Few Workers Need Routine Protection Against Anthrax, Immunization Group Says
The Advisory Committee on Immunization Practices (ACIP), in its recommendations on the domestic use of the only anthrax vaccine licensed for sale in the United States, noted that "emergency first responders" and other groups initially considered for vaccination in advance of a terrorist attack involving a biological weapon are no longer candidates. Because no credible organization or group has determined which population would be the target of a terrorist release of B. anthracis spores, and the risk of exposure cannot be calculated, ACIP concluded that preexposure vaccination is unnecessary. However, people about to enter an area where B. anthracis had earlier been released could be at risk for exposure and might need prophylaxis with an antimicrobial, with or without the vaccine.
Although not effective against the spores, certain antimicrobials can prevent B. anthracis from germinating, thus delaying the onset of anthrax. FDA recently approved the use of ciprofloxacin to prevent the development or progression of inhalation anthrax after exposure to B. anthracis spores. Penicillin and doxycycline have FDA-approved labeling for use in the treatment of anthrax unrelated to biological warfare.

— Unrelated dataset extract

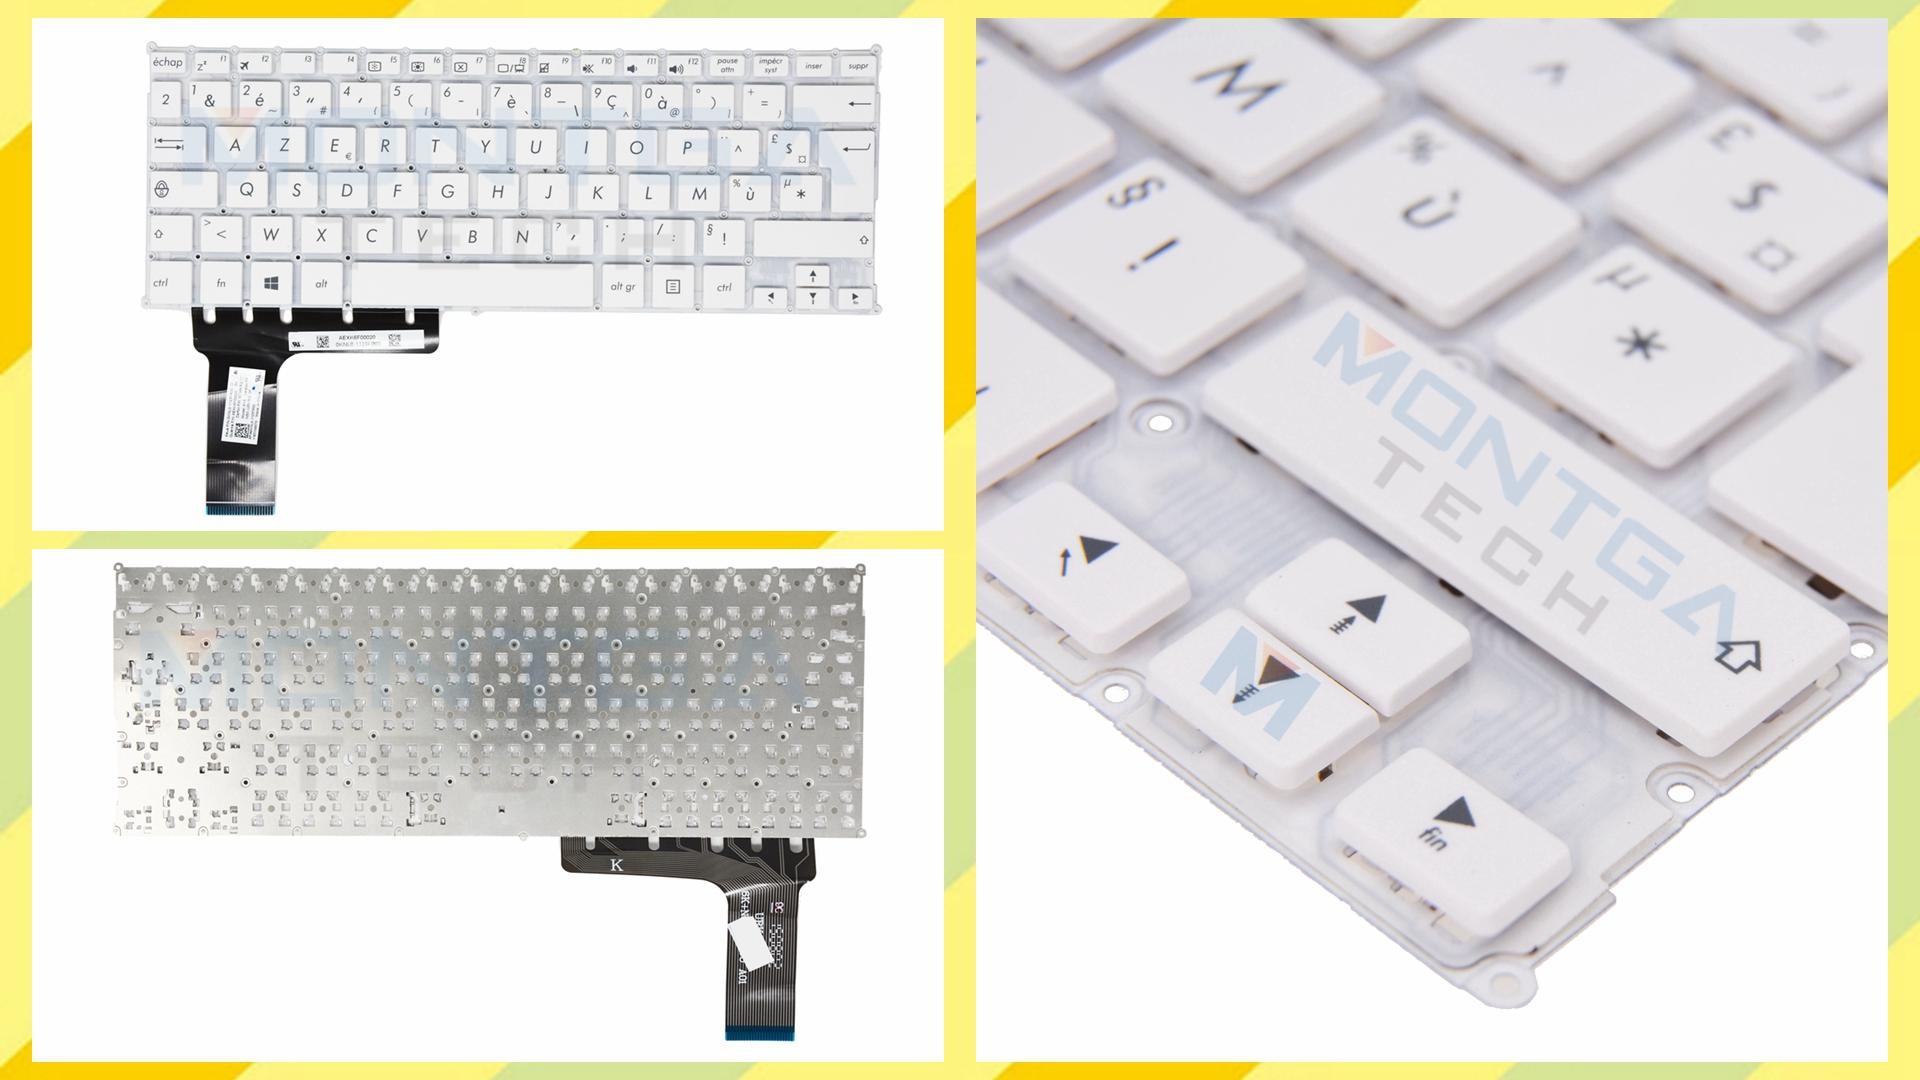 Keyboard Asus, Asus E202SA Keyboard, Asus E202SA Keyboard AZERTY Français, Asus E202SA Blanc Keyboard, Asus 0KNL0-1123FR00 AEXK6F00020, 0KNL0-1123FR00 AEXK6F00020,

ACIP, which counsels the Centers for Disease Control and Prevention, issued its recommendations on the basis of information collected from studies of animals, laboratory and textile-mill workers, and military personnel. The recommendations pertain only to aluminum hydroxide-adsorbed cell-free anthrax vaccine, currently manufactured by Michigan-based BioPort.
In addition to advice, the recommendations provide an overview of anthrax, a disease that can spread by skin contact, ingestion, or inhalation of B. anthracis spores originating from infected animals. Domestic and wild animals in the United States have been reported to harbor B. anthracis, but the incidence of infection is unknown. The most recent confirmed case of human anthrax in the United States was reported in 1992; the person had cutaneous anthrax. A case of inhalation anthrax has not been reported in the United States since 1976.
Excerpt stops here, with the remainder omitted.